[Extracted data entries]
§ §
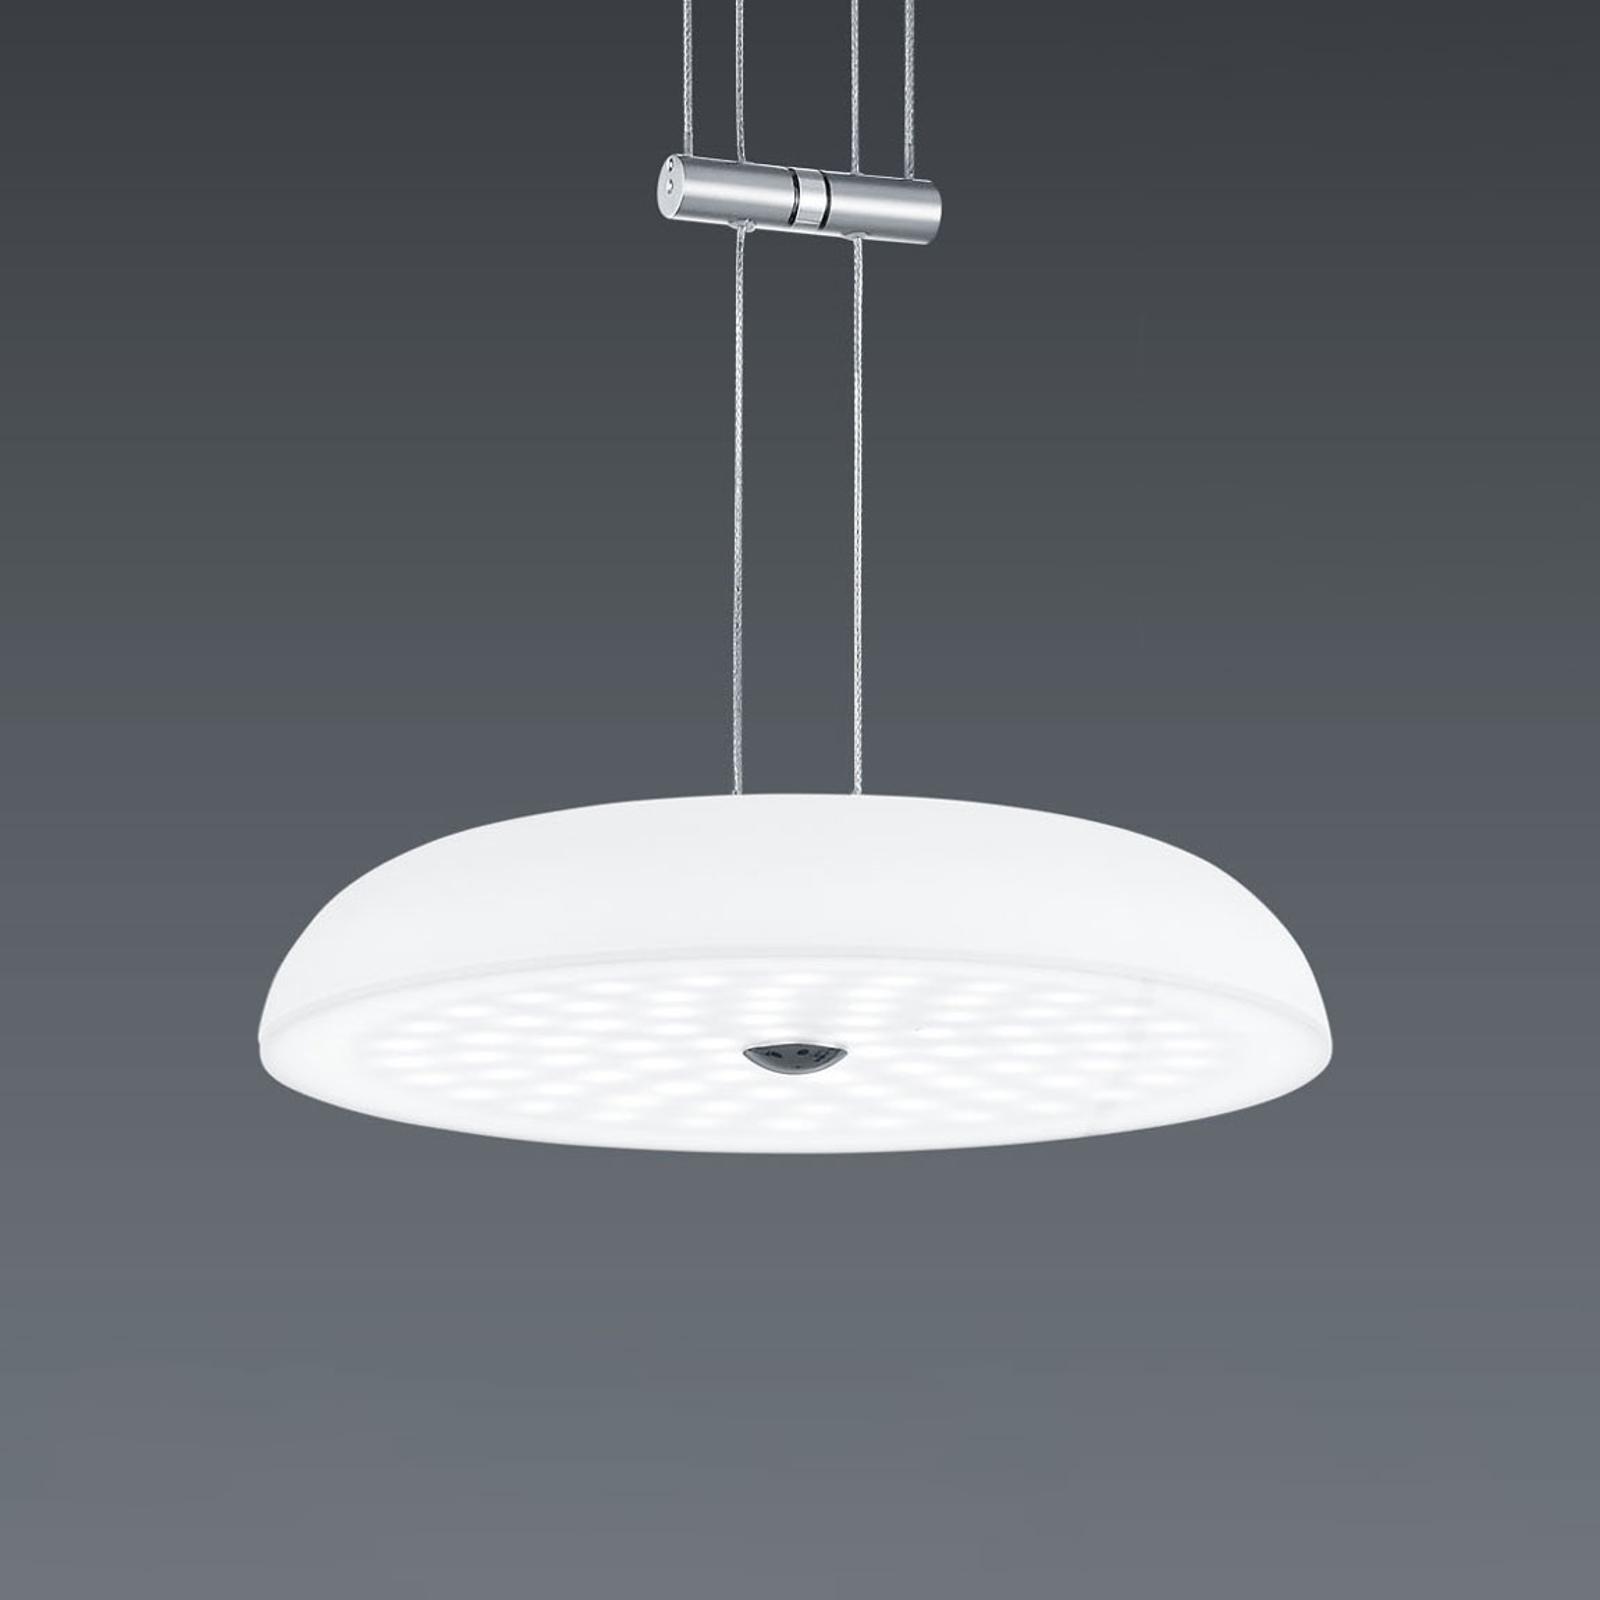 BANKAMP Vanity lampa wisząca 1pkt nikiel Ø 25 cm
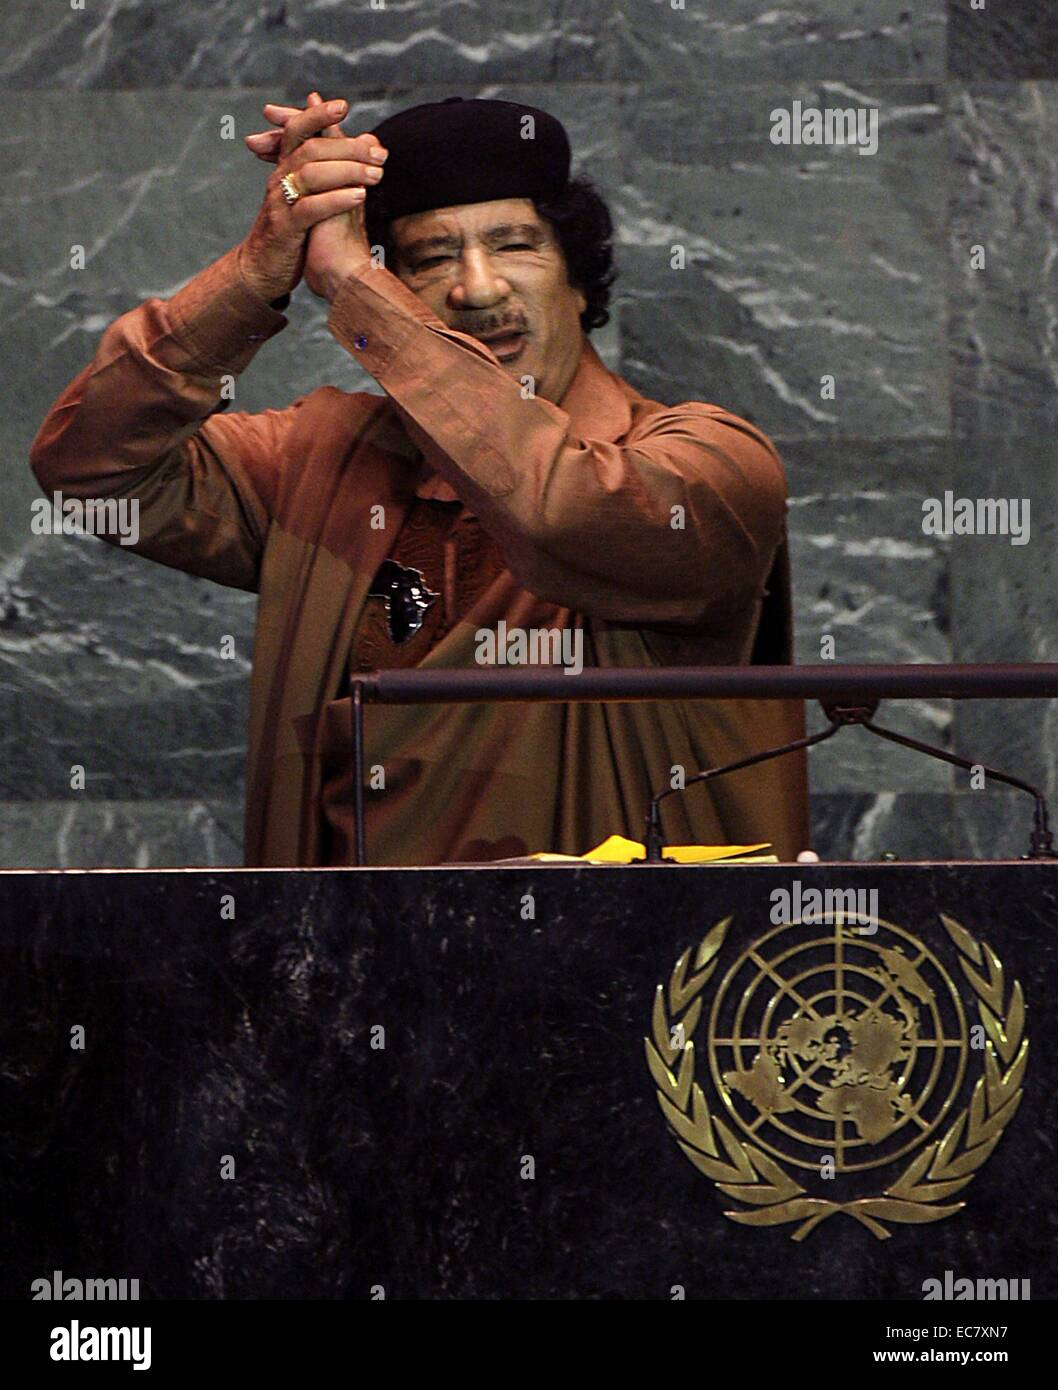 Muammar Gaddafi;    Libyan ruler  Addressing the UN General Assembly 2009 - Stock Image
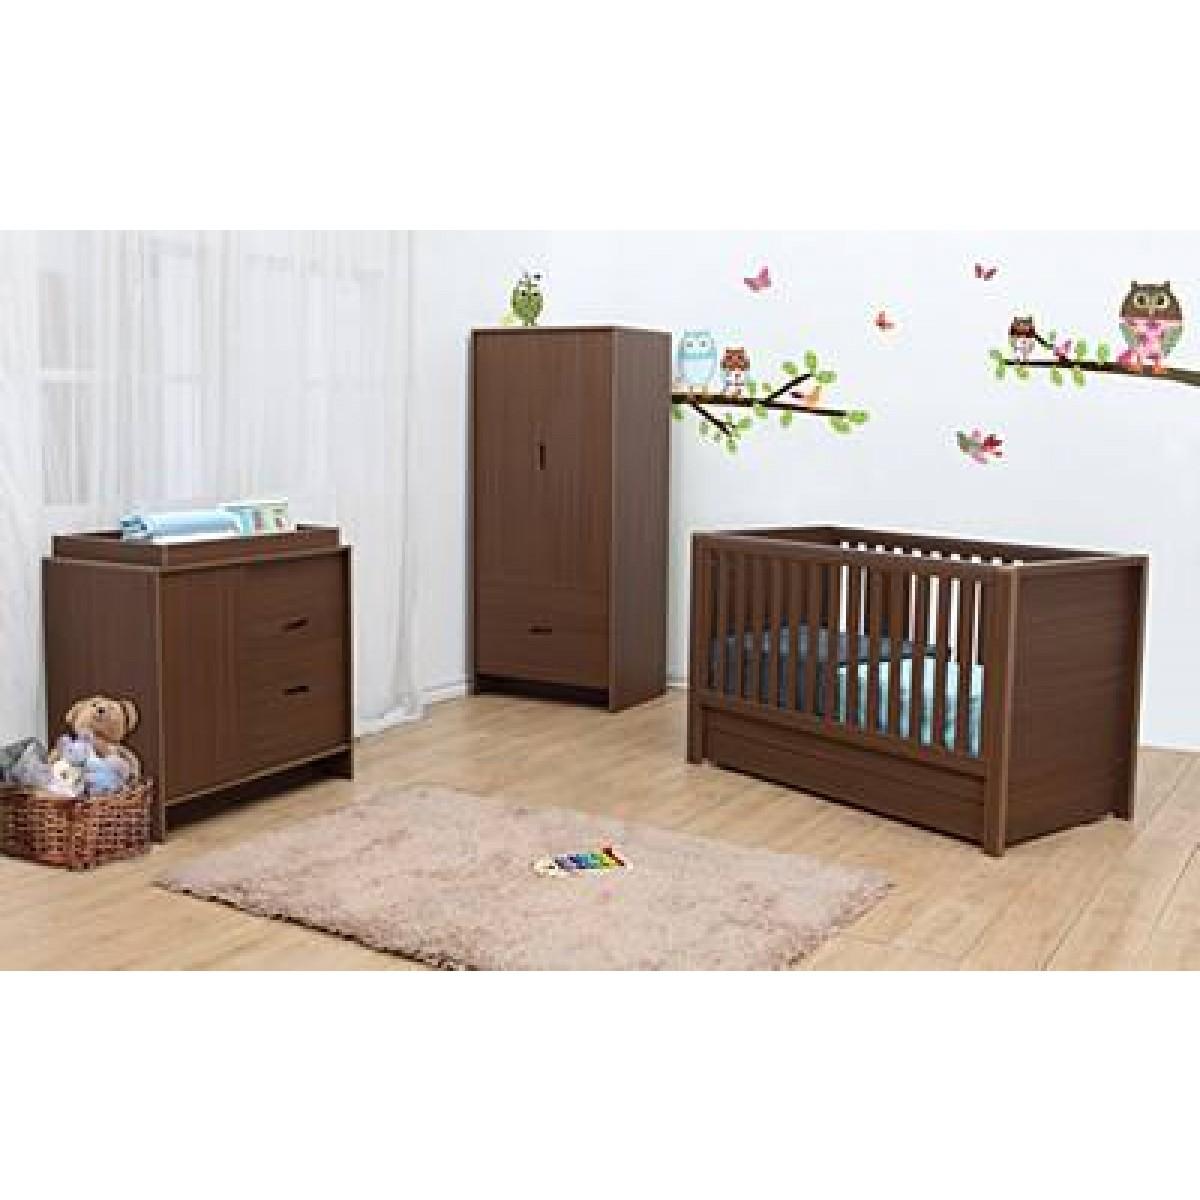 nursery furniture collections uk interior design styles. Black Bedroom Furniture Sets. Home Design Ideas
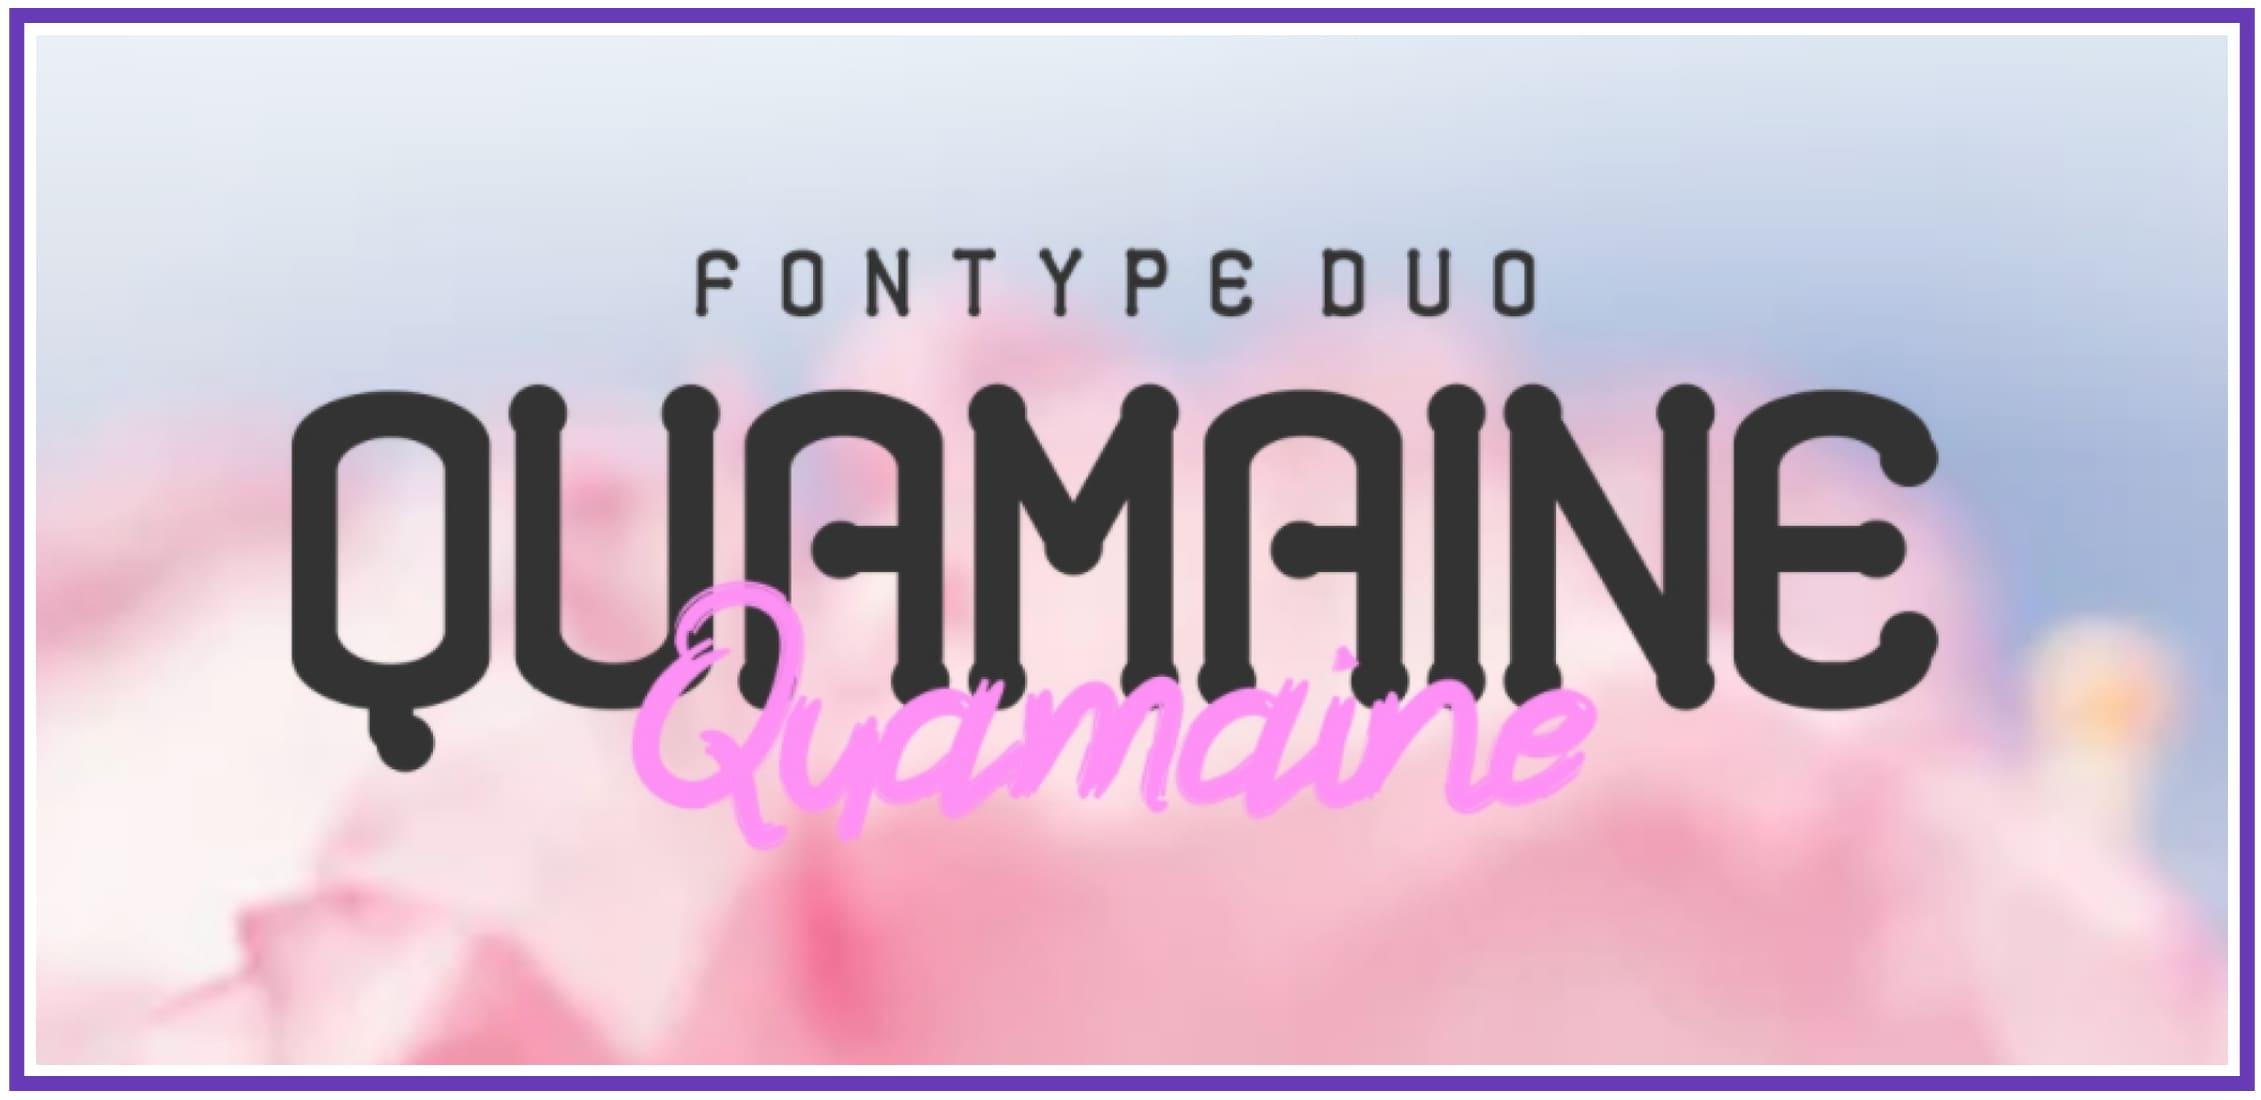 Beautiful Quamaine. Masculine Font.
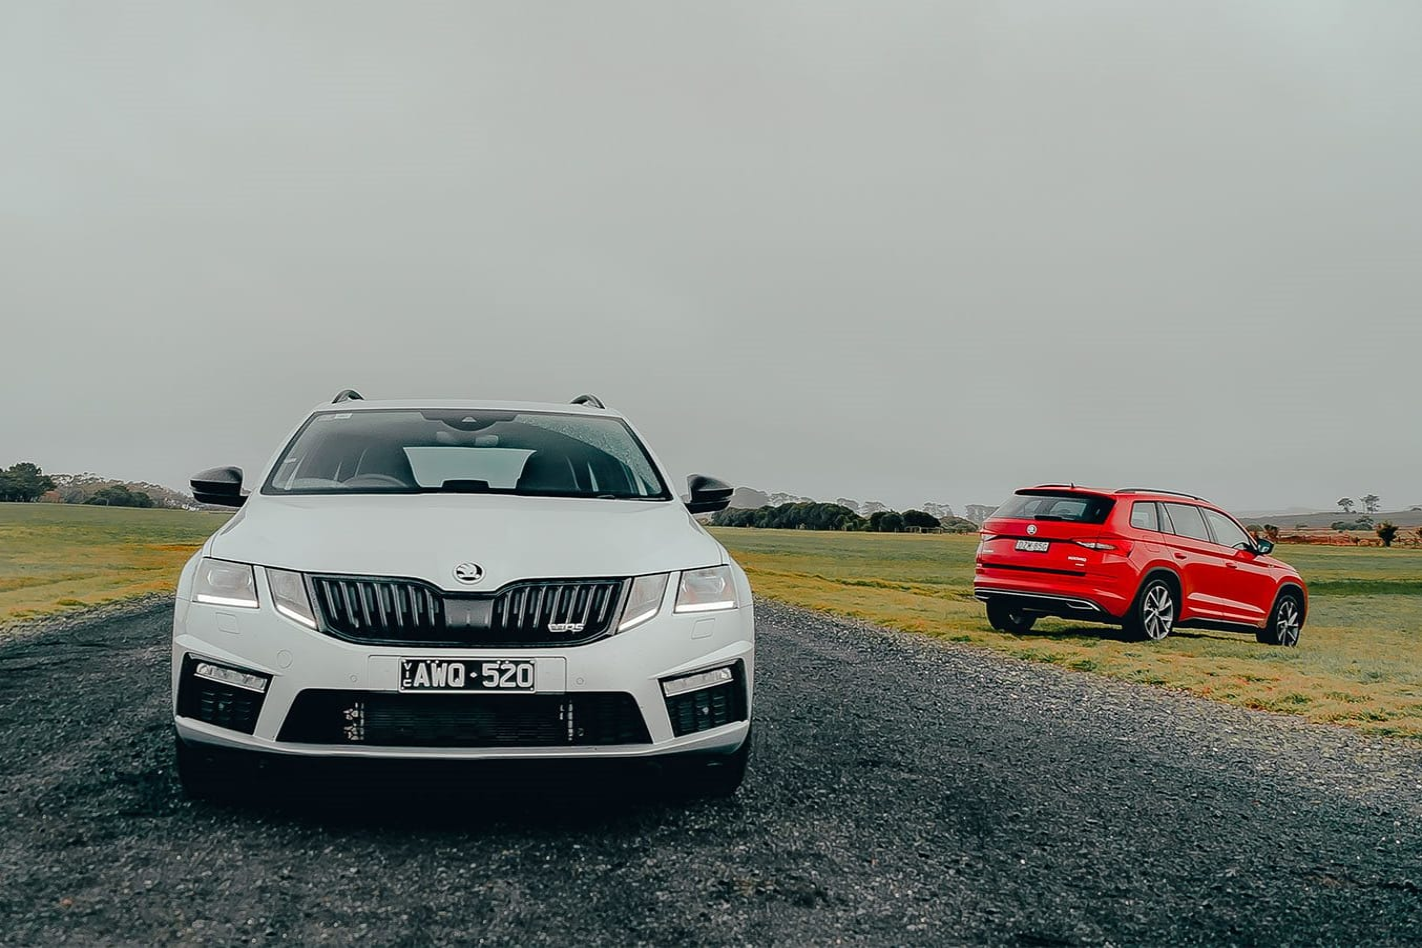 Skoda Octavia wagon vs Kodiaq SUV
§ §
Required work: Copy out all the data without changing anything, and drop the pictures.

Answer for this exercise:
 BANKAMP Vanity lampa wisząca 1pkt nikiel Ø 25 cm
 Muammar Gaddafi;    Libyan ruler  Addressing the UN General Assembly 2009 - Stock Image
 nursery furniture collections uk interior design styles. Black Bedroom Furniture Sets. Home Design Ideas
 Beautiful Quamaine. Masculine Font.
 Skoda Octavia wagon vs Kodiaq SUV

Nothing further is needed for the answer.